Architected a FreeRTOS-based firmware for an electric vehicle's custom Battery Management System, coordinating cell monitoring, charging, fault detection, and safety-critical state transitions across concurrent tasks.
Developed STM32 firmware for the Powertrain Control Unit, processing accelerator and brake inputs via ADC with normalization, plausibility checks, and fault detection, then transmitting values over CAN for safe, real-time vehicle control.
Designed the dashboard firmware with I²C I/O handling, CAN decoding, and real-time UI updates, adding fault indicators (IMD, BMS) and a Ready-to-Drive buzzer synchronized with the BMS state machine.
Implemented a circular buffer for high-throughput CAN logging, ensuring lossless real-time telemetry storage with minimal memory usage and providing persistent data for post-race analysis and debugging.

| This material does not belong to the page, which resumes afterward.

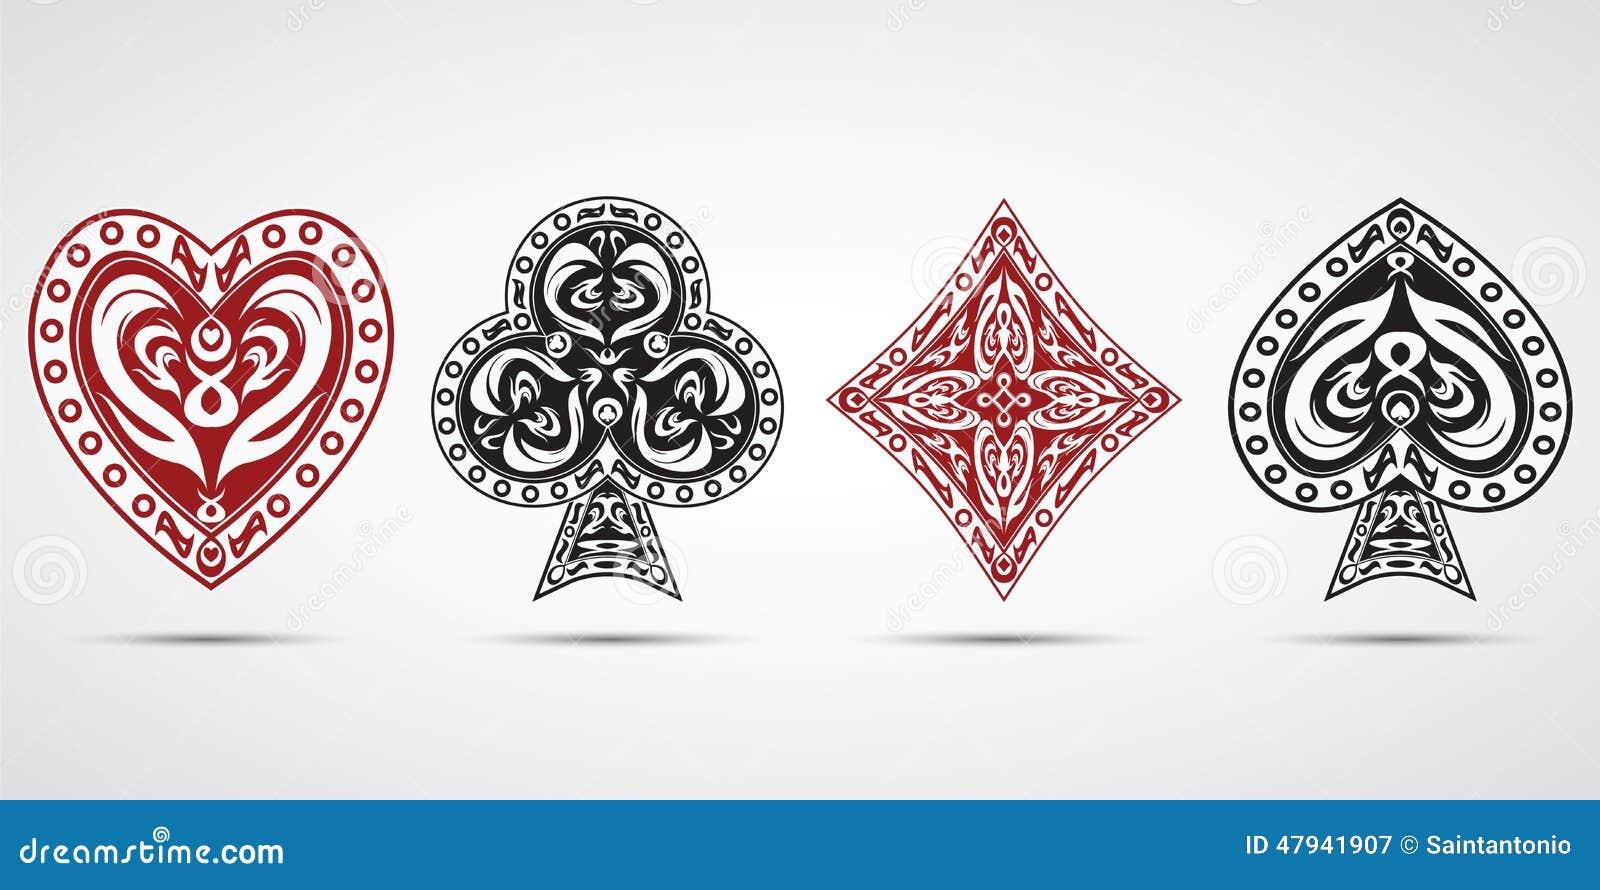 Spades hearts diamonds clubs poker cards symbols grey background spades hearts diamonds clubs poker cards symbols grey background biocorpaavc Choice Image
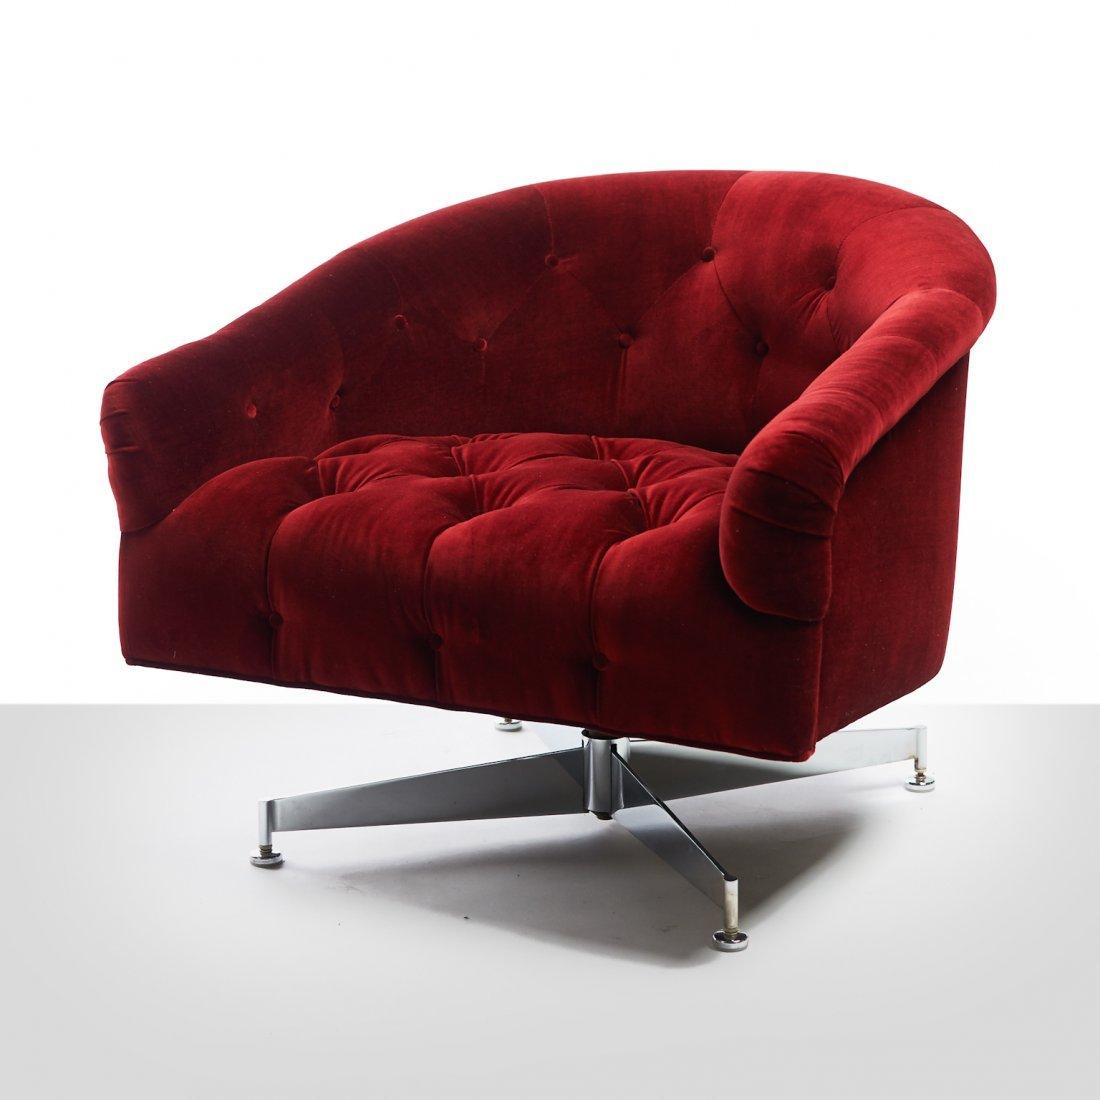 Ward Bennet, Lounge Chair

Extended Pintos OS by implementing a priority scheduler, kernel-mode synchronization primitives (locks, semaphores, alarm clock), and a UNIX-style file system with caching and hierarchical directories.
Developed a secure file-sharing platform in Go with user authentication, AES/RSA encryption, and revocable access control, enabling safe collaboration across multiple users.
Fine-tuned a BERT model to classify corporate sustainability statements as genuine or greenwashing, achieving 99% accuracy and highlighting linguistic markers that distinguish authentic impact from vague claims.
Built a machine learning pipeline on FIA/WEC lap data, engineering features like start position and speed efficiency; trained Random Forest models achieving ~70% accuracy and an AUC of 0.82.
Implemented a nanoGPT-style Transformer in PyTorch to evaluate in-context morphological learning, training a 10M-parameter model that achieved 63.5% accuracy on validation tasks across 18 transformations.